A Random Blog Post
How to generate random numbers, and the difference between math/rand and crypto/rand.
Generating randomness on deterministic machines
The ideal computer is completely deterministic. (Well, except perhaps for the oldy moldy i486 Tower PC in the back of your garage running Linux 1.0 and sometimes acting kinda capricious for no particular reason.) For every input, the output is foreseeable. Trying to generate random data on a machine where everything is determined seems odd at first. But there are two ways to overcome the dichotomy between determinism and randomness.
Exploiting sources of real randomness
Realworld computers are not quite the ideal machines that computer sciences would like them to be. There are a lot of sources in every computing device that produce more or less random data. Mouse movement, time between two keystrokes, the wall clock, activity counters (CPU load, disk activity, network activity, number of processes, etc), GPS receivers, movement sensors, and more can be used to generate continuous streams of random bits.
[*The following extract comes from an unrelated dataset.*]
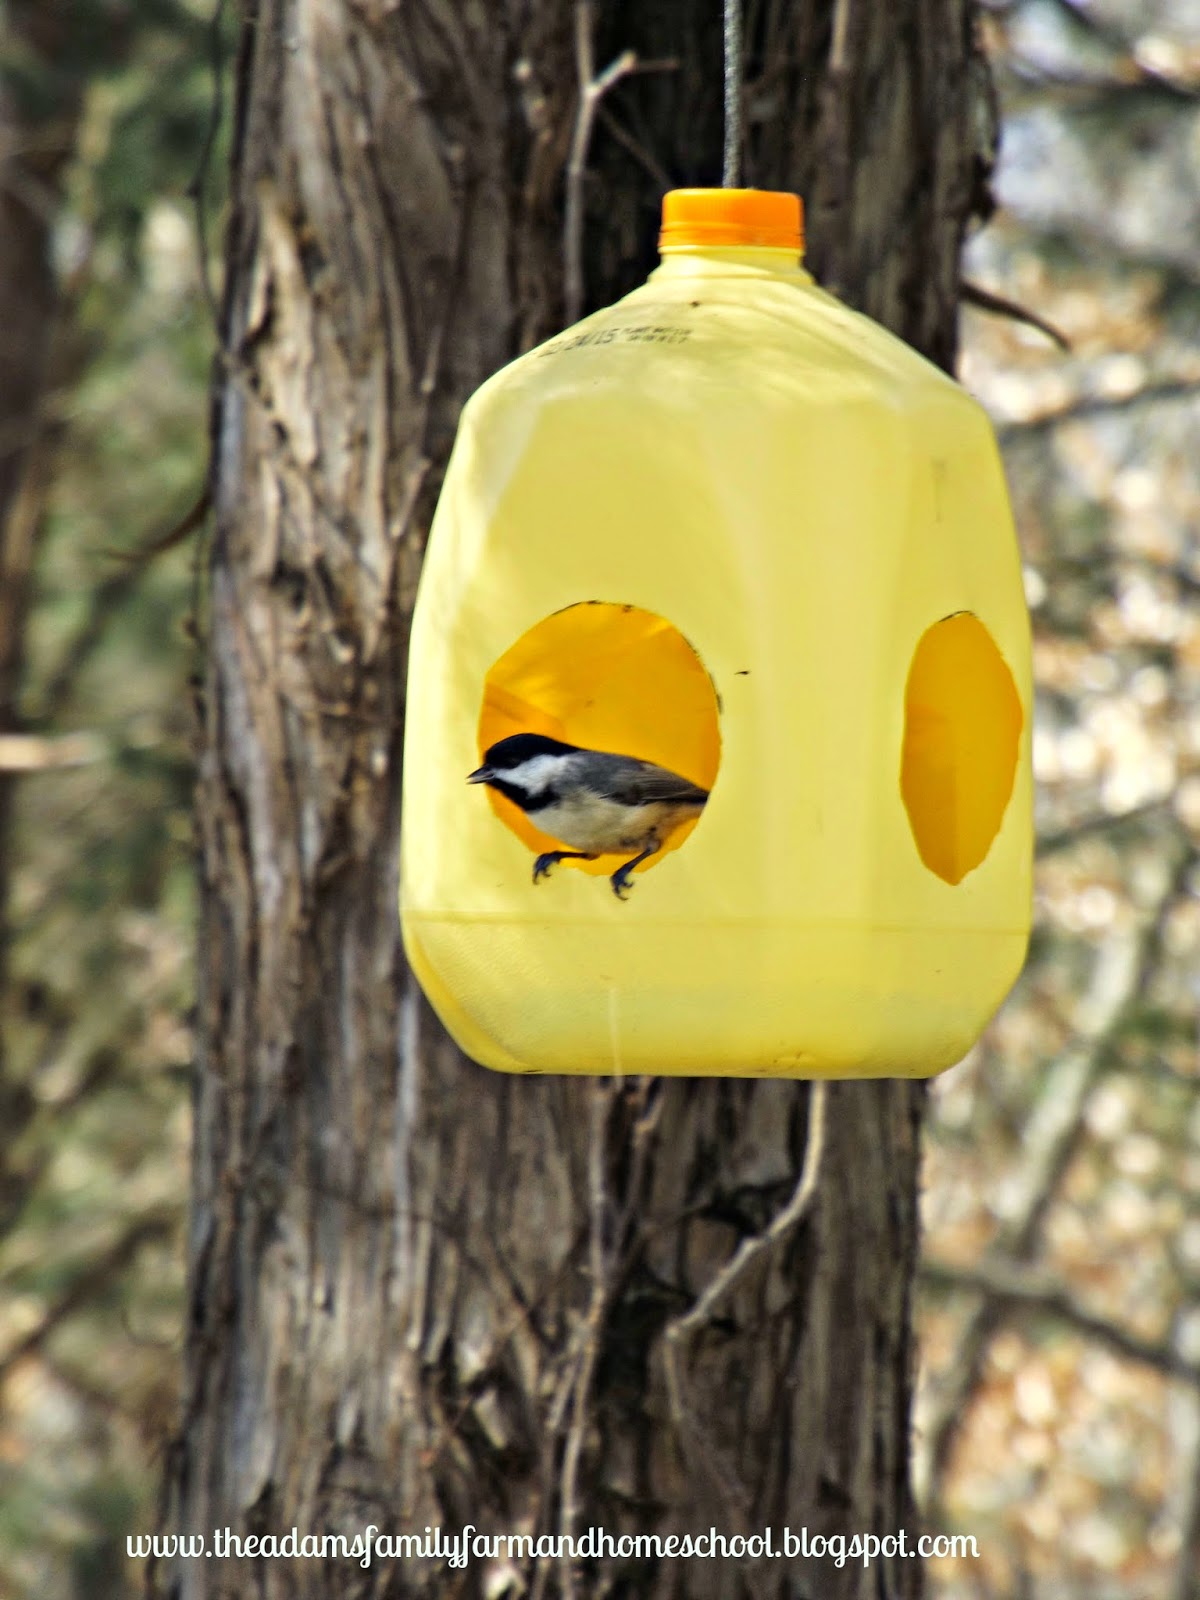 Black-Capped Chickadee at Milk Jug Bird Feeder

Simple electronic circuits can also produce true random data. For example, resistors can generate thermal noise, and Zener diodes can generate Zener breakdown noise. Transistors can be wired to produce static noise. If you turn up an amplifier that has no input device attached, you hear amplified noise from the circuits inside. Or tune an AM or FM radio between two stations, and you get atmospheric noise.And even nature itself provides sources of random data. Photons that arrive at a semitransparent mirror are either reflected or can pass through, in a random way. Nuclear decay creates events in a Geiger counter in random intervals. Vacuum energy fluctuates randomly.
All this noise is truly random information. An analog/digital converter can turn the noise into neverending sequences of random bits.
Still, these “natural” sources of random data suffer from asymmetries and systematic biases caused by various physical phenomena that are inherent to the given source. Simply put, the produced bit stream may contain much more 1s than 0s on average, or vice versa. Thus the generated random numbers are not uniformly distributed. Luckily, socalled “randomness extractors” can fix this, at the cost of a lower output rate. (I won’t go into the details here, see here for more on this topic.)
Generating pseudorandom numbers
The second way is to simulate a source of random data. But how, if “randomness” is not part of the concept of a deterministic machine? The trick is to produce long sequences of bits and bytes that appear to be random. After a while, the sequence repeats, but for many consumers of random data this is perfectly fine.
Today, a range of pseudorandom number generators (usually abbreviated as “PRNG”) exist. A very simple PRNG is a bit shift register with a feedback loop.
 At each clock cycle, all bits in the register are shifted to the right.
 The rightmost bit is added to the outgoing bit stream.
 At two (arbitrary) positions of the register, the bits are extracted and fed into an ExclusiveOR (XOR) gate. The result of the XOR operation is fed back to the first bit of the register.
(To recap: The XOR operation returns “true” if both input values are different, and “false” otherwise.)
If this sounds a bit too abstract, watch the animation below. The values “true” and “false” are represented by “1” and “0”, respectively.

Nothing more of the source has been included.